On April 27, the House of Representative unanimously passed the Email Privacy Act.  As previously reported, the proposed changes would strengthen the privacy protections for email and other cloud-storage services by closing a loophole that allowed law enforcement to access older data without obtaining a warrant.

However, while there is widespread support to require warrants for older emails, there remain some substantial disagreements about other proposed reforms to the 30-year-old law.  For example, the House Judiciary committee rejected proposed provisions that would have (1) required government agencies to notify targets of a warrant after their information was provided to the government; and (2) applied the warrant requirement to a customer’s geolocation information ; and (3) created a carve-out for regulators like the FTC and the SEC, who asked for a way to obtain customer emails without a criminal warrant, which may be unavailable in civil cases.

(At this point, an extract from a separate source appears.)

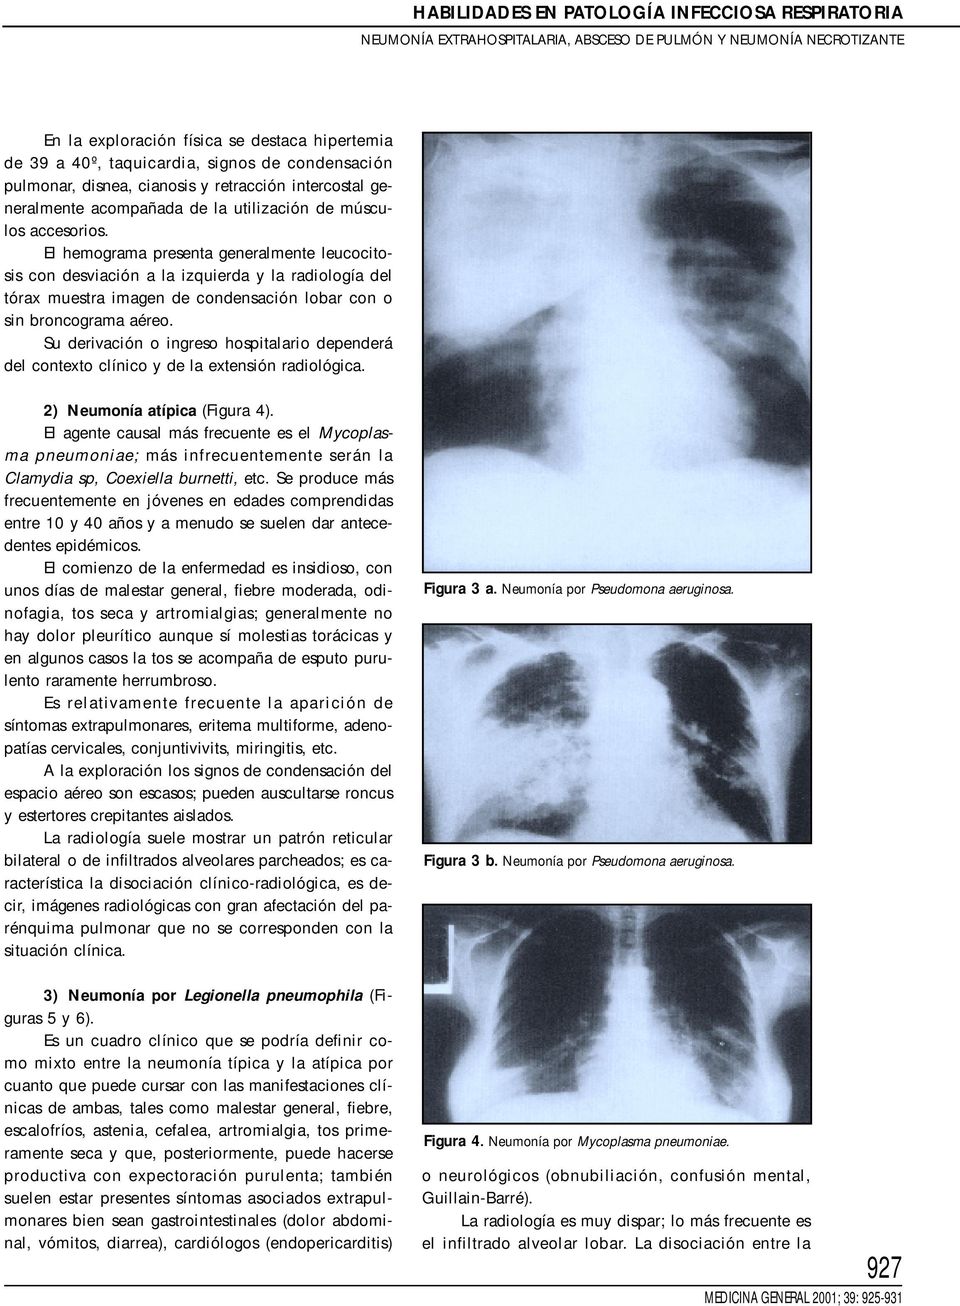 El hemograma presenta generalmente leucocitosis con desviación a la izquierda y la radiología del tórax muestra imagen de condensación lobar con o sin broncograma aéreo.

Now that the Act has passed the House, there is renewed pressure on the Senate to take up its version, the Electronic Communications Privacy Act Amendments Act of 2015, which is currently in front of the Judiciary Committee.  Senator Chuck Grassley, the Chairman of the Senate Judiciary Committee, promised that he “plan[s] on taking a close look at the bill that passed the House, and talking with interested stakeholders and members of this committee to try to find a path forward for ECPA reform here in the Senate.”  However, he noted that “members of this committee on both sides of the aisle have expressed concerns about the details of this reform and whether it’s balanced to reflect issues raised by law enforcement.”  Senator Patrick Leahy and Senator Mike Lee, two of the co-sponsors to the Senate bill, urged the Senate to “take up and pass this bipartisan, common-sense legislation without delay.”